Mike and Dawn are the seventh generation of Mike’s family to farm the land, although much of the property hadn’t been used for nearly 30 years before the couple moved in.
Poultry. In addition to the cattle, the Robertses are working on a management plan to use the dairy herd and 70 free-range egg layers to benefit the farm. They hope to build a moveable shelter and put the chickens three to four days behind the dairy cows’ pasture rotation. The chickens will scratch apart the manure piles and eat the fly larvae. That will not only distribute the manure as fertilizer, but also help with controlling flies on the farm.

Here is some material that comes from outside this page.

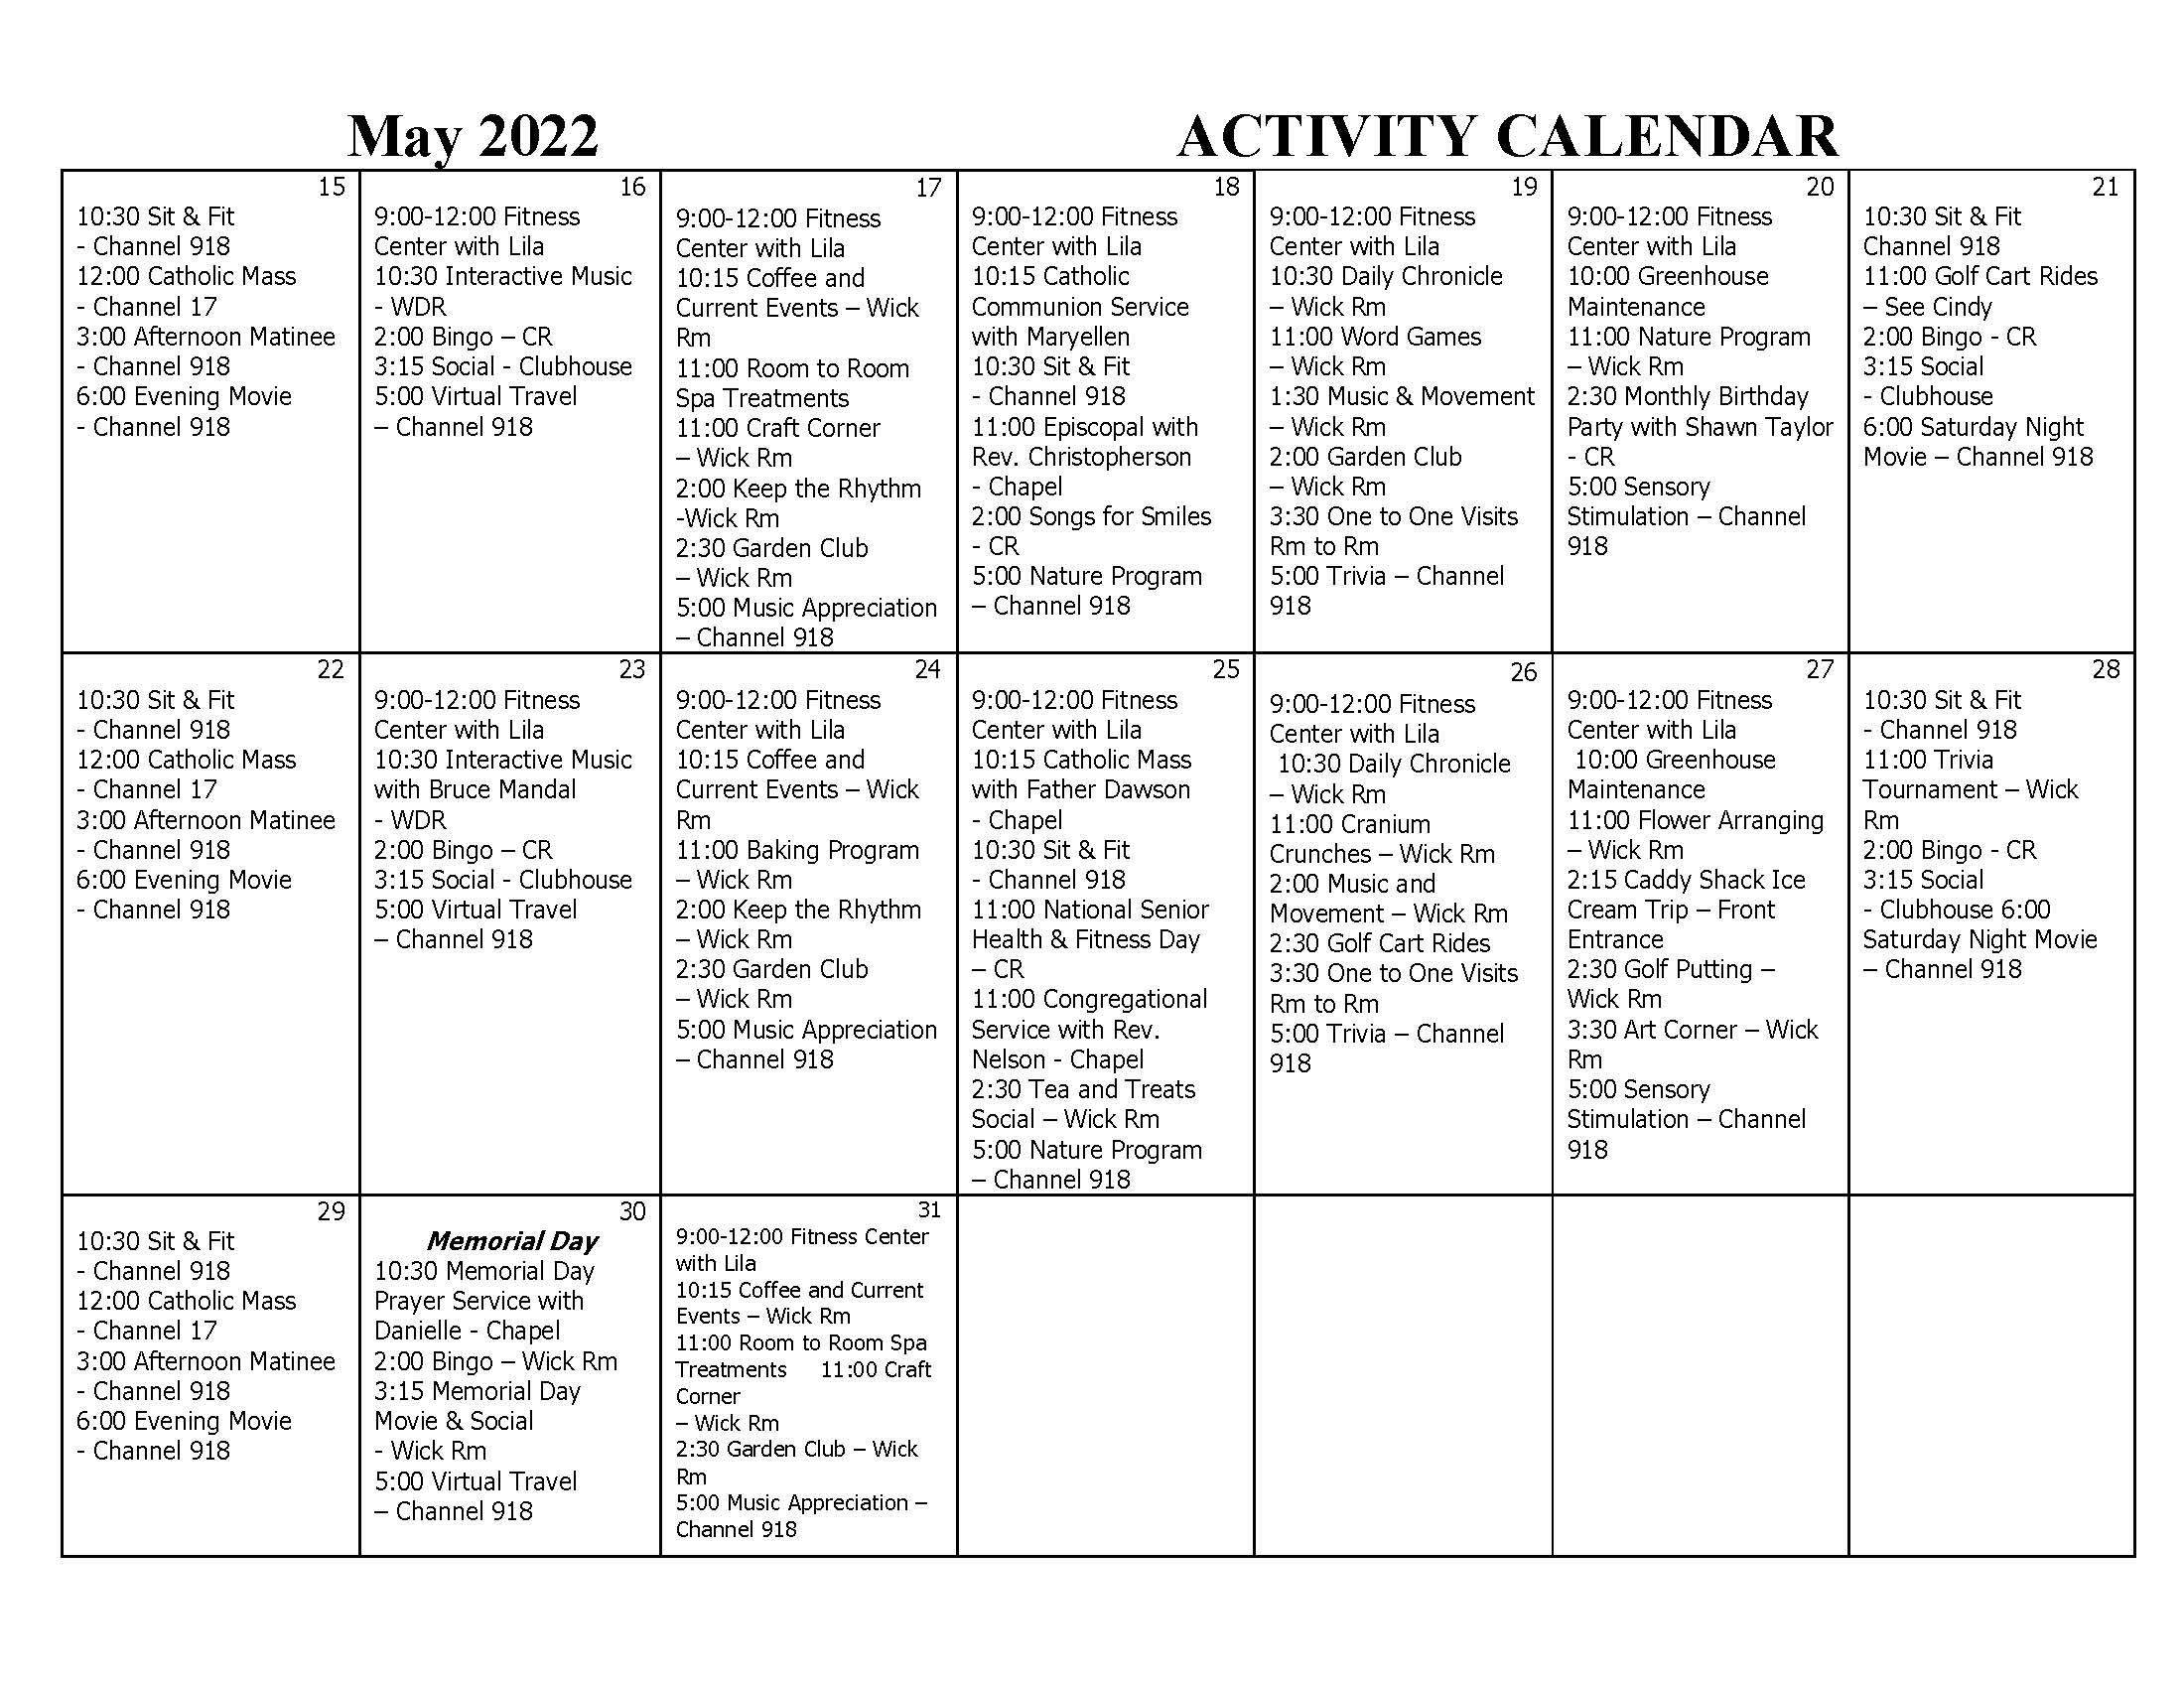 May 2022 Activity Calendar_Page_2

Mike and Dawn buy mature birds from a hatchery and replace the egg-laying flock each year in order to keep up with customer orders. Old birds are sold as soup birds.
They plan to raise about 300 range-fed meat chickens and 35-50 range-fed turkeys this year. These birds will be housed in portable range shelters that can be moved daily.
Biodiesel. Economics and sustainability are also the driving force behind Mike’s homemade biodiesel project. The farmer received a grant in 2006 from the USDA’s Sustainable Agriculture Research and Education program that allowed him to buy a 40-gallon biodiesel processor.
Then, he had to decide if he wanted to fork over the money for new cooking oil or if he wanted to deal with “dirty, nasty” used oil. In the end, economics won out and Mike now collects used cooking oil from local schools and restaurants.
It’s not pretty, he said, but it’s free.
So far, the project hasn’t caused too many headaches.
“I figured I’d screw up at least two or three batches before I got it right,” said the former mechanical engineer. But it turned out to be successful from the start.
“Everything I’ve read has worked or come true,” he added.
Overall, Mike estimates his biodiesel costs between $1 and $1.50 per gallon. All of the fuel is used in the farm’s John Deere 2940. During cooler months, Mike uses a B20 blend, but he hopes to run B100 in the summer.
The farmer doesn’t have plans for large-scale biodiesel production, but he is interested in helping others learn how to make it, he said.
With everything from fuel to chickens to cows on the farm, it can be quite a balancing act to keep things running smoothly.
But it’s that balancing act that makes the Roberts’ farm viable and sustainable. There’s a lot of security in having a little bit of everything.